29To deal with this diversity, the central government introduced some intergovernmental mechanisms. The Government Delegation against Gender-Based Violence was established in 2004 to facilitate the implementation of Act 1/2004. So far it has concentrated on fostering coordination between both levels of government and on undertaking evaluations to identify implementation gaps. Likewise, intergovernmental commissions have been set up in the healthcare system, in the courts specialized on gender-based violence or in the use of restraining orders. Still, those devices have failed to assure a homogeneous state-wide policy45. De jure asymmetries in the powers held by regions are coupled with unequal outcomes with regard to gender training, protocols, institutional devices and services provided. Overall, unevenness constitutes one of the main weaknesses of Spanish policies against gender-based violence.46

30Since 2001, starting in Castile La Mancha, all Autonomous Communities but the Balearic Islands, have approved acts against gender-based violence or have included an explicit reference to this social blight in their respective equality acts – as it is the case for the Basque Country. Also, specific plans and protocols are nowadays commonly used to tackle it in a comprehensive manner (calling different levels of government to action, from local to regional tiers, and different types of professionals). It should be noted that the regional policy framework differs from the state-wide framework. While the state-wide Act 1/2004 restricts gender-based violence to intra-partnership violence – referring to physical, psychological and/or economic violence exerted by a current or a former male partner – regional norms have defined gender-based violence in a variety of ways47. While some regions (like Andalusia and Navarre) strictly follow the state-wide policy framework, most regions have transcended this limited approach and covered as well other types of violence. Sexual harassment and human trafficking have been regulated by ten regions, while female genital mutilation is currently covered in eight regions. For example, Catalonia has developed extensive policies to deal with female genital mutilation in response to an increasing population coming from countries in which this practice is vastly performed48. As a result, protocols, training programs or coordination structures to address this type of gender-based violence are available in this region whereas no such measures are found in most of the other Autonomous Communities. The broadest approach is also to be found in Catalonia where its act is not limited to intra-partnership violence but rather expands gender-based violence to that exerted to a woman in the workplace and in the social and community spheres. The Catalan Act 5/2008 on the Right of Women to Eradicate Sexist Violence also defines other types of gender-based violence including, among others: forced marriage, gender violence in armed conflicts, and violence against sexual and reproductive rights.

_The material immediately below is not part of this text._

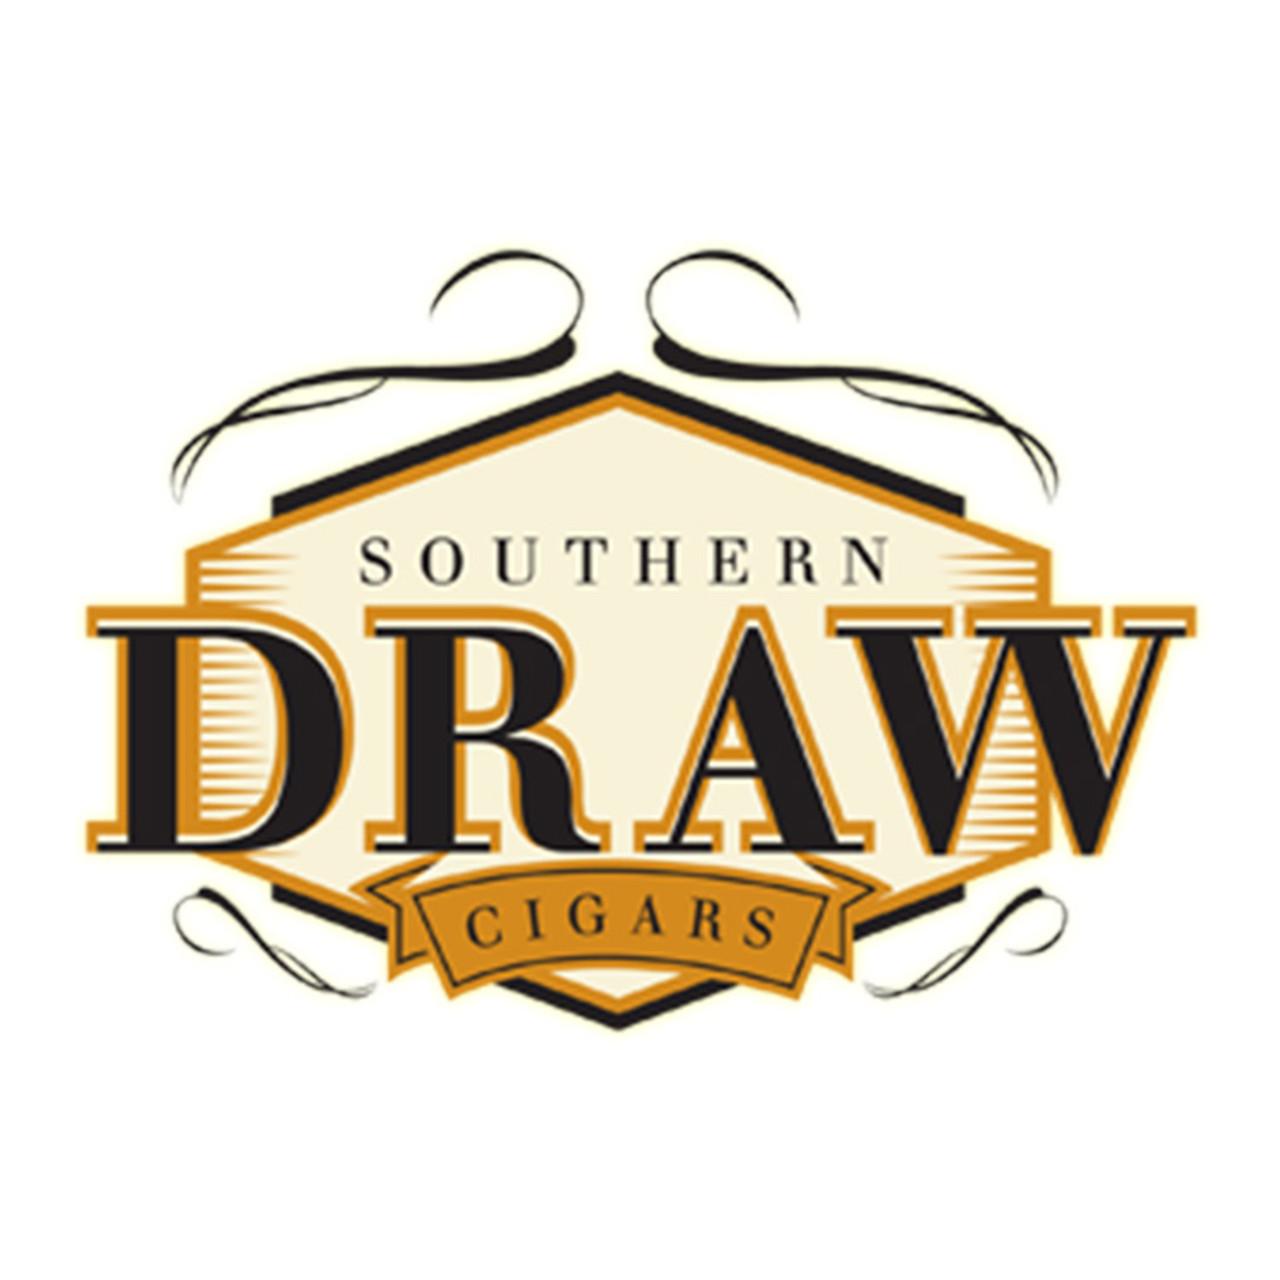 Southern Draw Rose Of Sharon Toro Drewpak Cigars - 6 x 52 (Pack of 5)

31This uneven policy framework entails that women do not enjoy the same set of rights and resources throughout the country but rather gender-based violence policies are more or less developed depending on the region, sometimes because they need to tackle different realities. In sum, however, the analysis of policies against gender-based violence reveals the extent to which the combination of weak shared-rule and relatively strong self-rule has led to ‘patchwork’ policies. Such a patchwork approach jeopardizes equality among women when it comes to what protection and services they can count upon in relation to the problems they face with respect to gender-based violence.

5. Conclusions

32The article has shown that the multilevel institutional setting of the State of Autonomies has significantly shaped the development of gender equality policies in Spain. On the positive side, territorial dynamics such as competition have stimulated the diffusion of learning processes across regions. Horizontal mimesis has been a crucial factor for the adoption and implementation of gender mainstreaming and the development of equality machineries and policy instruments, including interdepartmental commissions, gender impact assessment reports, gender training, participatory councils and gender equality observatories. The dynamic of a competitive federalism has thus provided the basis for the institutionalization of equality machineries and the development of equality policies in otherwise economically and socially diverse regions. The regional level has also offered new opportunities for feminist policy innovation, particularly when the central government presented opposition towards positive action in political representation. The compounded structure of the Spanish polity has allowed feminists to go level shopping in their pursuit of statutory electoral quotas. However, high decentralization coupled with deficient mechanisms of intergovernmental relations have brought about negative side-effects like ‘patchwork’ policies that fail to guarantee the same rights and equal access to resources to all Spanish women in the field of gender-based violence policies. In this vein, our results align with the conditional approach put forward by the gender and federalism scholarship.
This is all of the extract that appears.